Decades of athletic success now yielding big financial gains for Kenya’s Rift Valley
Kenya’s Rift Valley has for decades produced some of the most distinguished and decorated distance runners in the world.
Ever since Naftali Temu’s men’s marathon gold at the 1968 Mexico Olympics, the mountainous region has churned out a succession of champions, including David Rudisha, Paul Tergat, Vivian Cheruiyot and Eliud Kipchoge, who in 2018 became the first athlete to break the two-hour mark in the marathon.
As a result of its athletic renown, the Rift Valley town of Eldoret and its environs has witnessed tremendous economic growth as elite runners invest heavily in the area.
“The economy of this town has always been dependent on farming. However, in recent years we have seen investments from athletes compete with agricultural revenues,” said Philip Kemboi, an official of Uasin Gishu County, located in the heart of the Rift Valley.
“The town is now attractive to investors thanks to the new amenities and better infrastructure,” he added.
Eldoret is the administrative capital of Uasin Gishu, one of 13 counties along the Rift Valley where much of Kenya’s crops are grown thanks to an abundance of fertile land and water. Popularly known for supplying maize and wheat to the nation, the town is now taking on a new status as a commercial hub.
Boasting high-rise buildings, malls, taxi-hailing services, car showrooms, improved roads and international schools, Eldoret is now firmly positioned on investors’ radars.
Local businesswoman Ivy Langat, 38, has witnessed Eldoret’s metamorphosis first-hand.
“The town is not as it was 10 years ago.

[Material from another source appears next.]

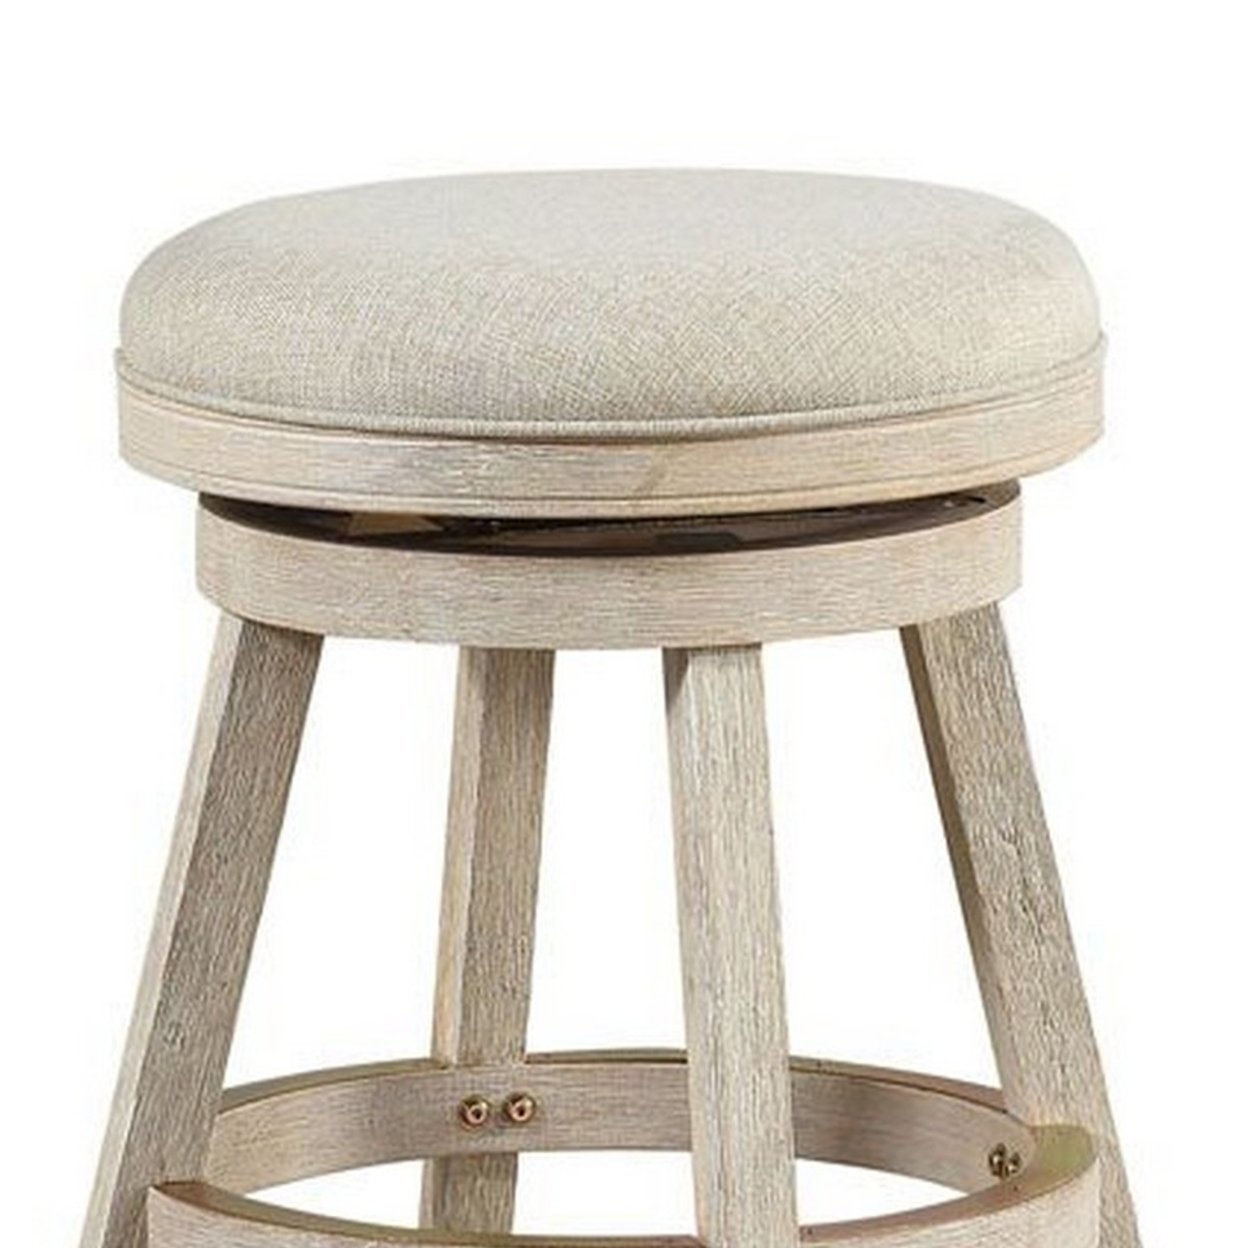 Wooden Swivel Counter Stool With Round Fabric Seat, Gray- Saltoro Sherpi

There were a few commercial buildings in the Central Business District (CBD). Moreover, they were the preserve of the affluent business owners who could afford high rents,” she said.
Most of Langat’s enterprises are housed in buildings owned by world-famous athletes. She added that the emergence of more commercial spaces in the CBD has catered to small business owners.
Andrew Rotich, a seasoned middle-distance runner who has bagged numerous 800-meter golds for Kenya over the years, invested the proceeds of his first race win into purchasing land.
“I built a home for my family and thereafter I bought a few more plots that I am yet to develop, hopefully I will construct rentals or sell some plots because they will be appreciated,” he said.
Rotich, however, cautioned that some ventures require close supervision, a luxury he cannot afford given his service in the Kenya Defense Forces (KDF).
“Some businesses are hands-on and not suitable for an athlete who has a demanding career like me. Therefore, if I’m setting up a business, I have to be convinced it will thrive in my absence,” he said.
His advice to up-and-coming athletes is to heavily invest in feasible businesses and shun extravagant lifestyles that could ruin their lives.
Screen of dreams
Running is so ingrained in Eldoret life, that the local government has erected a gigantic screen where major races can be watched by fans.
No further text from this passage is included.